В обычных условиях Лондиниум представлял собой исследование контрастов, но этой ночью контраст, казалось, перешел в хаос. На некоторых участках улиц было тихо и темно, в то время как в других местах горели пожары, и цепочки граждан передавали ведра с водой, набранной из корыт и колодцев, чтобы потушить пламя. Несколько его людей из патрулей помогали, в то время как их товарищи охраняли город от любых банд преступников, которые могли причинить неприятности. Отправляясь в путь, Катон предпочитал идти один, но время от времени он замечал движение и бормотание, поэтому старался держаться подальше от узких переулков, отходящих от главных улиц. На полпути к трактиру он остановился, чтобы взять у одного из встреченных патрулей факел, и оставшуюся часть пути держал его наготове, используя колеблющееся пламя, чтобы освещать себе дорогу и давать знать мародерам о приближении солдата.

Двери и окна трактира, выходившие на улицы, расположенные по обе стороны перекрестка, были заколочены, в щелях между крепкими бревнами виднелся слабый свет. Обогнув угол и спустившись по улице ко входу во двор с обратной стороны, Катон проверил засов, но с дальней стороны ворота были заперты. Он погасил факел в сточной канаве, проходившей по центру улицы, и перебросил железную скобу через стену, после чего взобрался наверх. Перевалившись через верх, он спустился во двор и поправил сползший вперед шлем.

— Стой на месте, а то выпотрошу! — раздался рядом голос.

Катон отступил к стене на случай, если в темноте затаились еще люди. Он выхватил меч и держал его наготове.

— Убирайся отсюда! — прорычал голос. — Сейчас же! Мы не дадим тебе другого шанса… Уходи, пока я не приказал своим людям разобраться с тобой!

В словах прозвучала фальшивая нотка, и Катон понял, что говорящий блефует, и что он один. В голосе было что-то смутно знакомое, и он вспомнил немного нервного и не шибко умного человека, который работал у матери Макрона и иногда согревал ее постель.

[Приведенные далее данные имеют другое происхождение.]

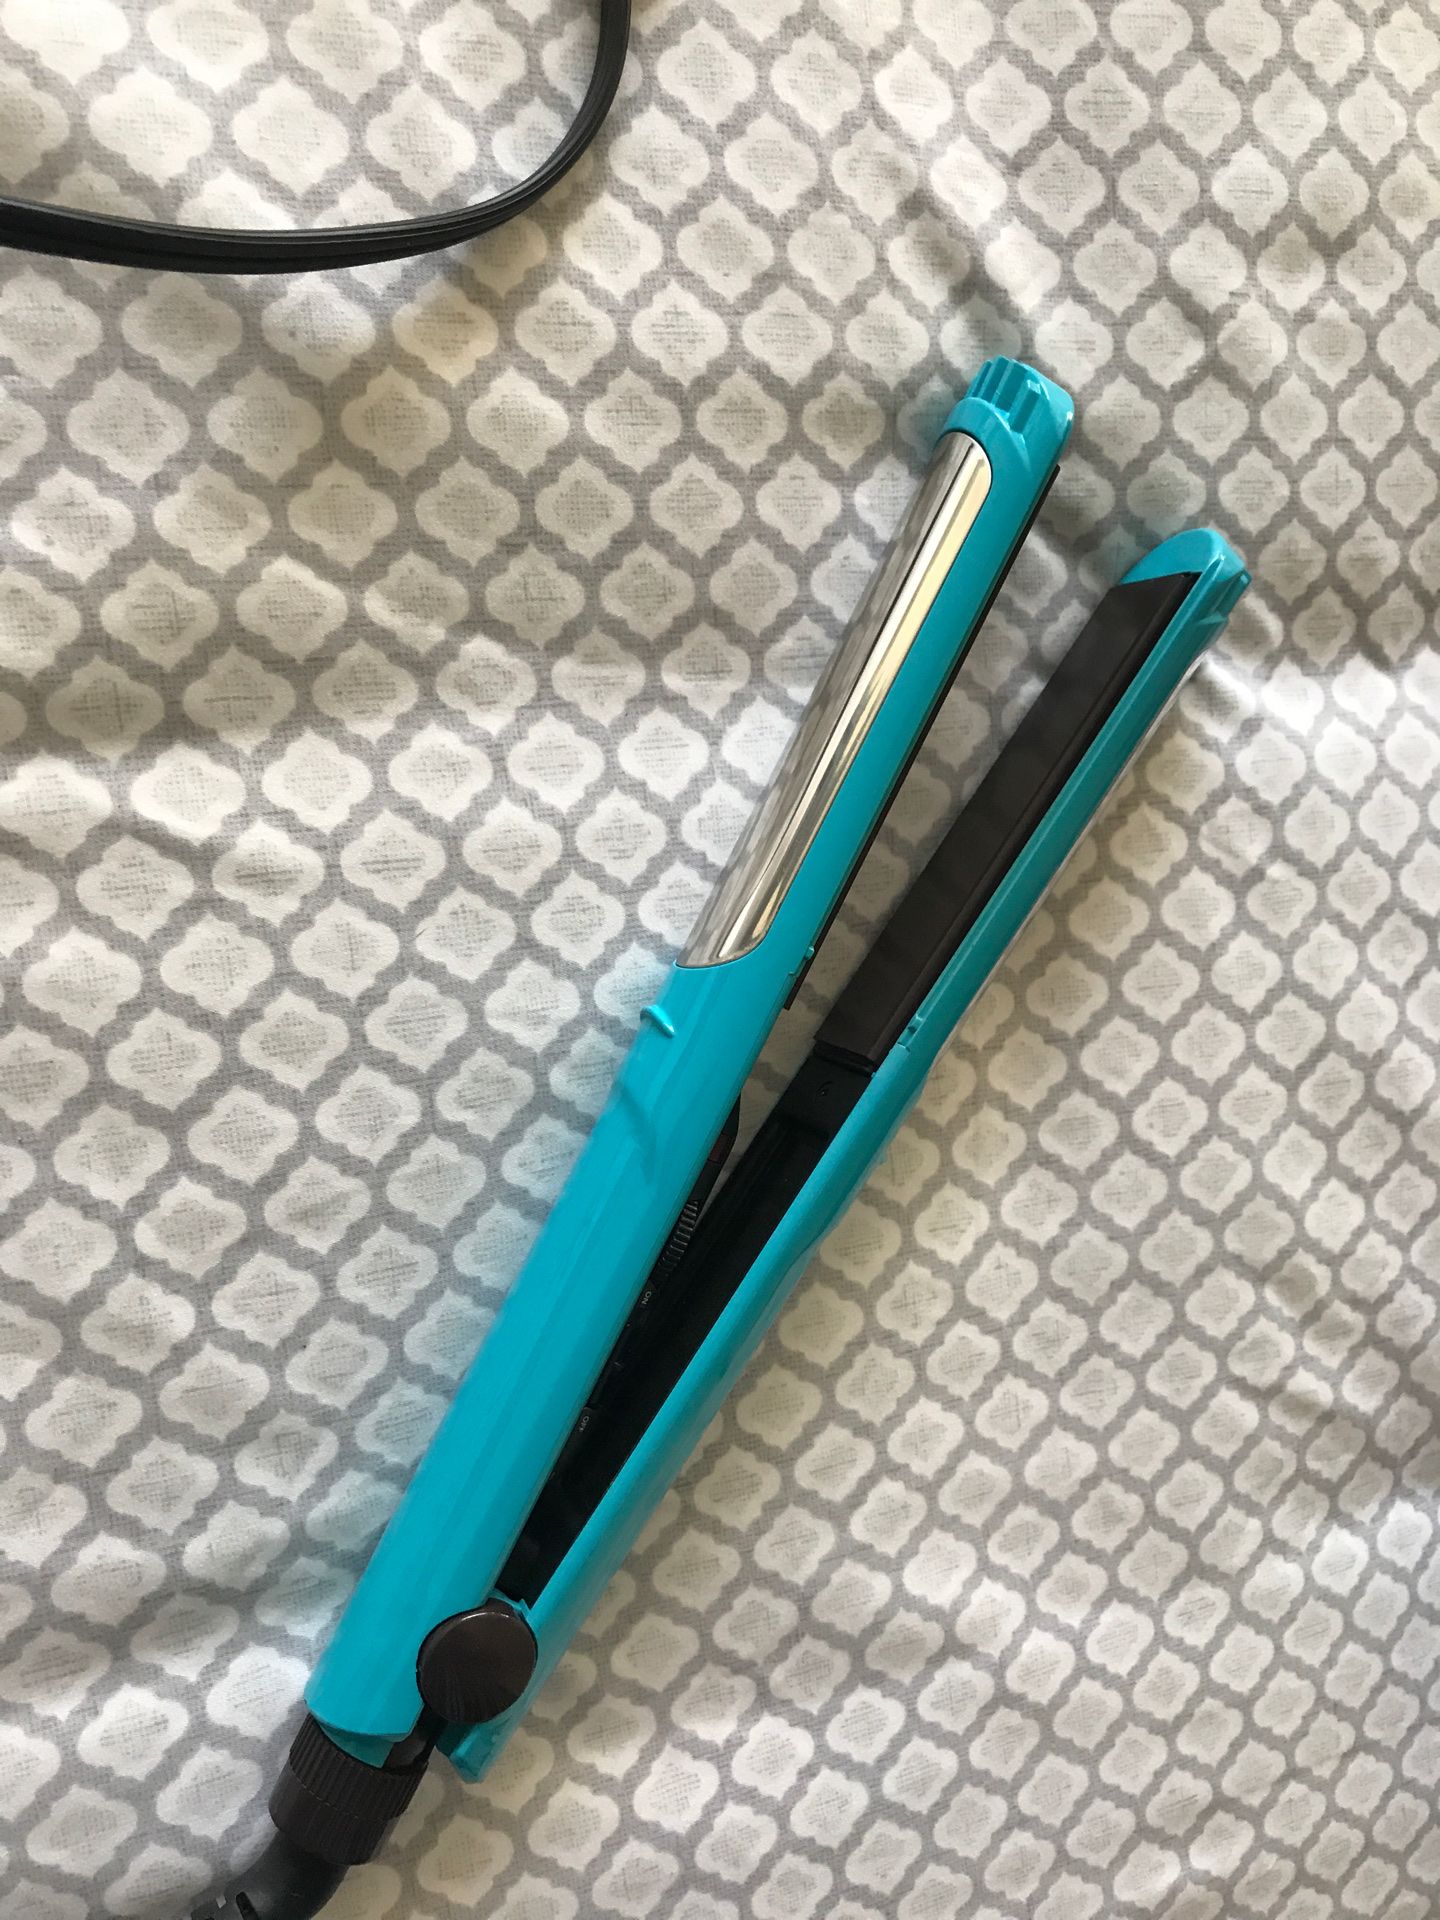 Double sided straightener

— Денубий, это я, префект Катон. — Он улыбнулся. — Ты можешь отозвать своих людей.

— Префект Катон? — с инстинктивным подозрением отозвался тот. — С вами кто-нибудь есть?

— Я один. Как и ты.

Из мрака появилась фигура с крепкой дубиной в правой руке. — Слава богам, это вы, господин. У нас столько хлопот с тех пор, как пришло известие о Камулодунуме. — Облегчение в голосе Денубия сменилось печалью. — С тех пор мы скорбим по центуриону и остальным, господин.

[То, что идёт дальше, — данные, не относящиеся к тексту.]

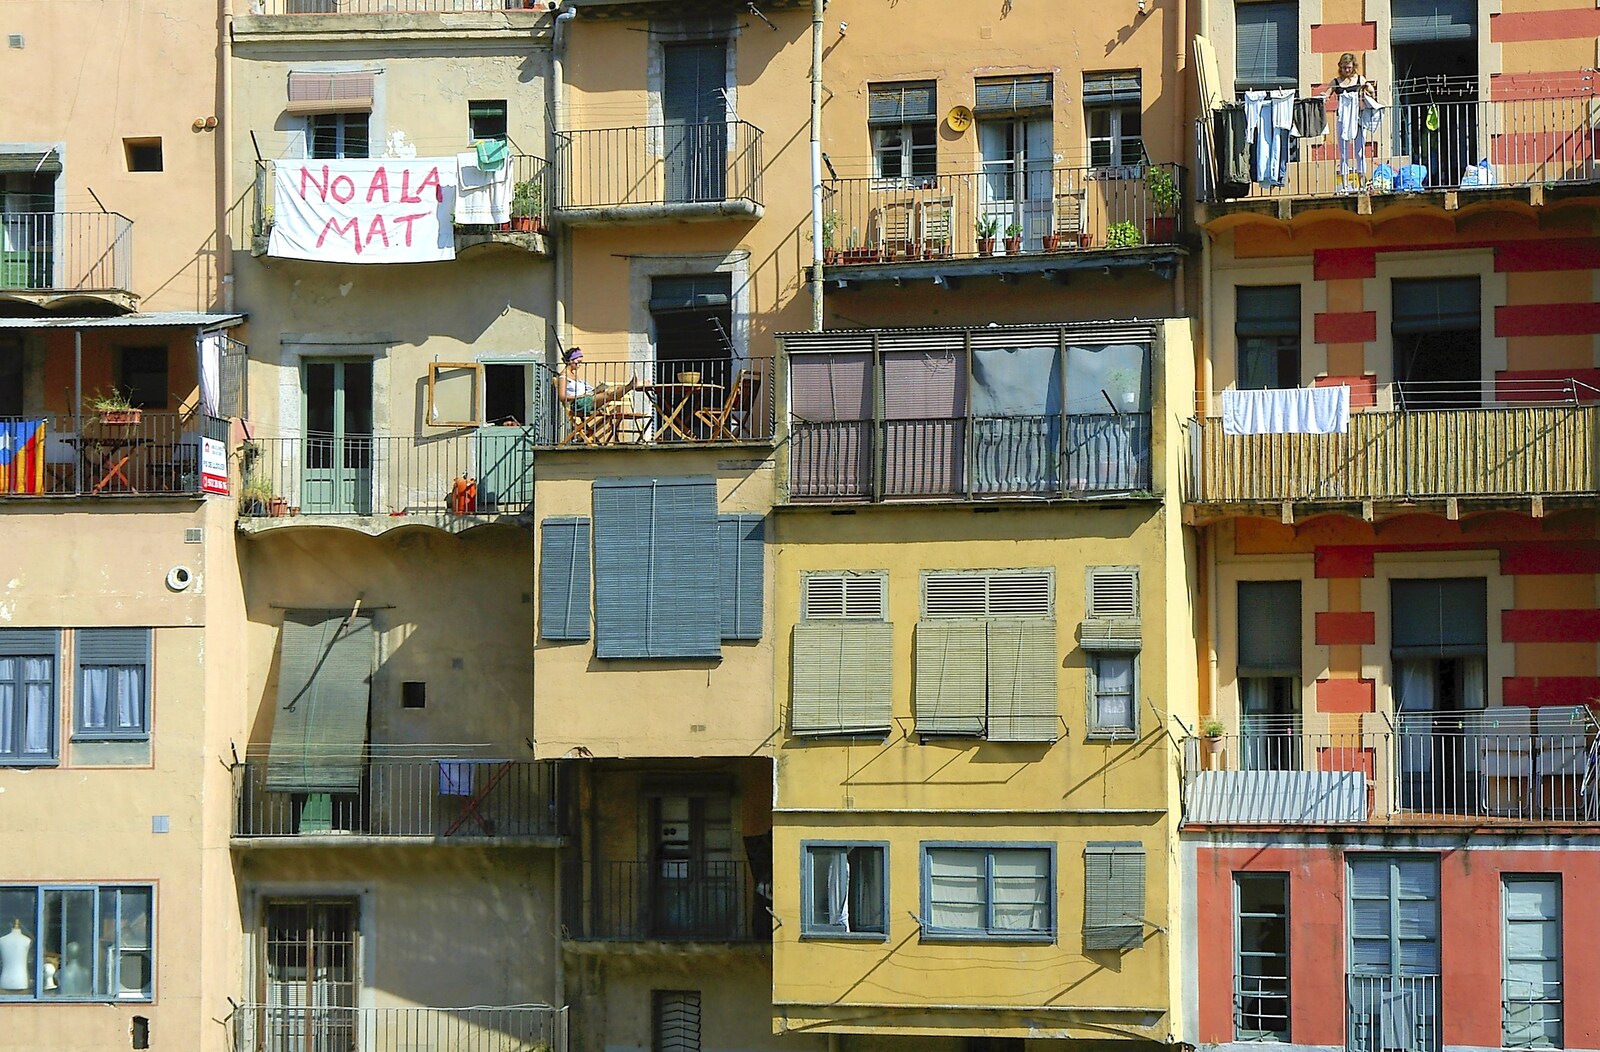 A protest banner flutters in the warm breeze from Girona, Catalunya, Spain - 17th September 2006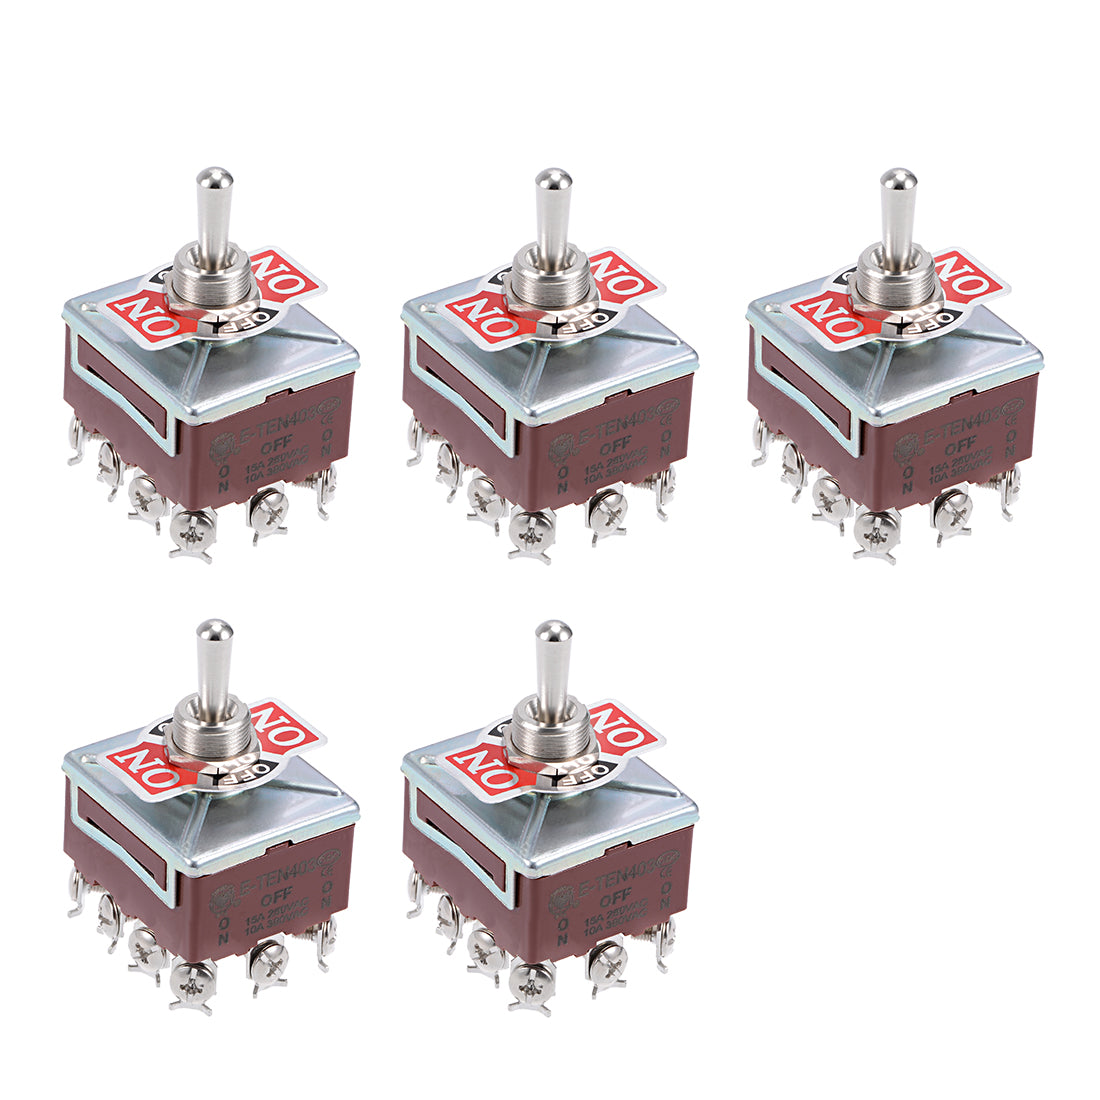 uxcell Uxcell 4PDT Lacthing Rocker Toggle Switch Heavy-Duty 10A 380V 15A 250V 12P ON/OFF/ON Metal Bat 5pcs

— Другим? Ты имеешь в виду Аполлония?

— Да, господин. О нем и мальчике, Парвие.

Катон вспомнил немого мальчика, которого Макрон и Петронелла, взяли к себе в дом и воспитывали как сына. Парвий играл с Луцием, который боготворил старшего мальчика. В голове зашевелился насущный вопрос. — Что с Клавдией Актэ, Луцием, Петронеллой?

— Все в безопасности, господин, и внутри. Ты знаешь дорогу. — Денубий махнул дубинкой в сторону двери через двор, которую Катон помнил по предыдущим визитам в трактир.

— А ты не пойдешь со мной?

— Пока нет, господин. Я буду дежурить здесь до полуночи. Тогда все успокоится. По большей части.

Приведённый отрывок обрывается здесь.